= Laidcnén mac Con Mella =

Laidcnén mac Con Mella (died 727) was a king of the Uí Cheinnselaig of South Leinster. He was of the Sil Máeluidir sept of this branch of the Laigin, who were found in the later baronies of Shelmalier on the lower reaches of the Slaney River in southern modern County Wexford.

His last paternal ancestor to hold the kingship was Éogan Cáech mac Nath Í who would have lived in the early 6th century of whom Laidcnén was a 5th generation descendant. Laidcnén was the great grandson of Máel Odor mac Guairi, the eponymous founder of his sept.

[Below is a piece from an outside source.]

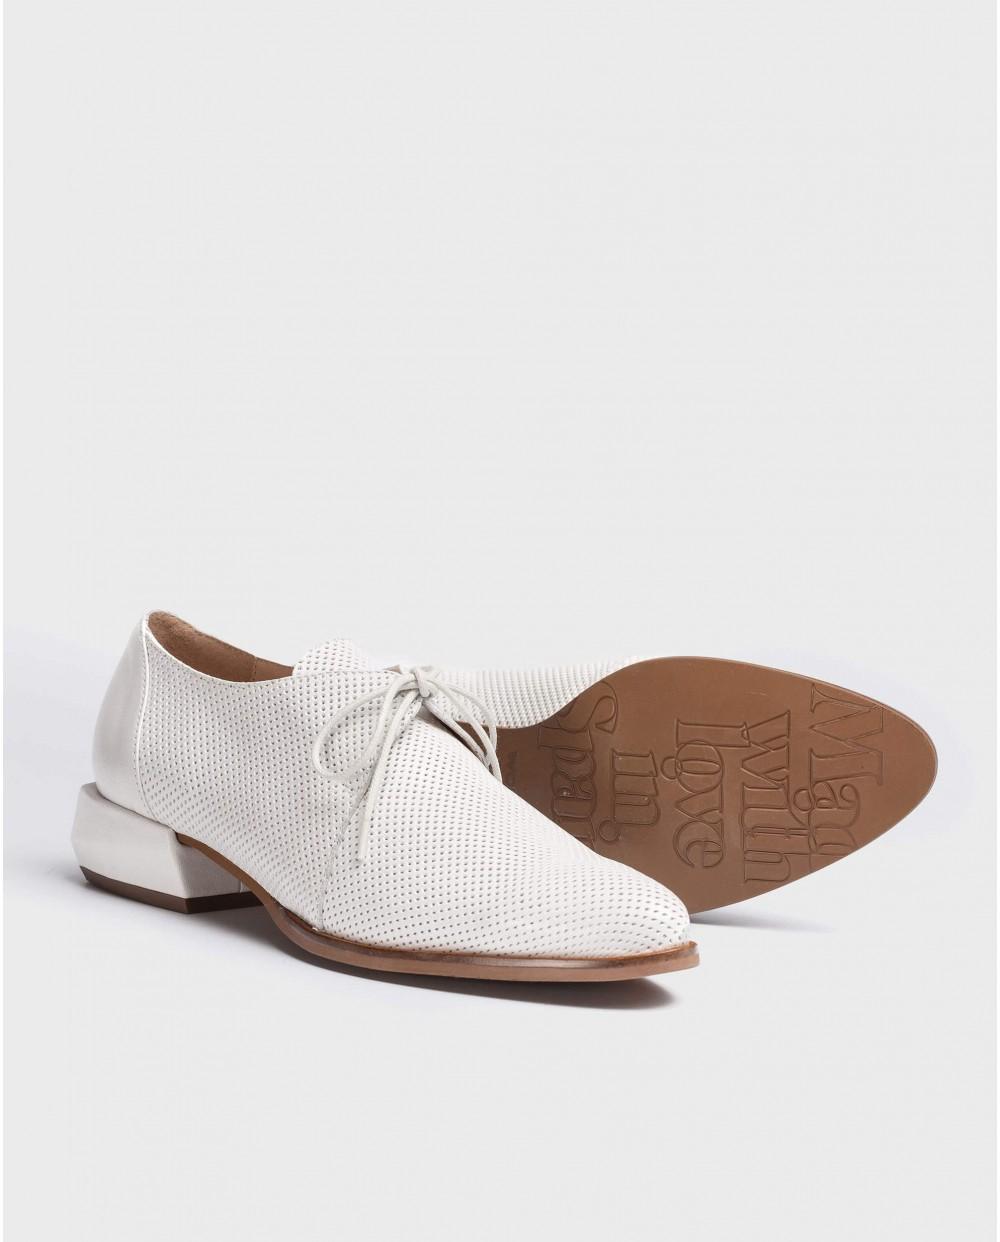 Wonders-Flat Shoes-Shoe with geometric heel

According to the king lists in the Book of Leinster, Laidcnén succeeded his brother Cú Chongelt mac Con Mella as king and ruled for 10 years. This would give his regnal years as 717–727. However, the historian Mac Niocaill associates his brother with the death obit of a certain Cú Chongelt in 724 in the Annals of Ulster.

He was defeated by his northern rival and King of Leinster, Dúnchad mac Murchado (died 728) of the Uí Dúnlainge, at the Battle of Maistiu (Mullaghmast, south Co.Kildare) in 727 and was slain therein. the Annals of Ulster refer to it as a battle between the two Laigin.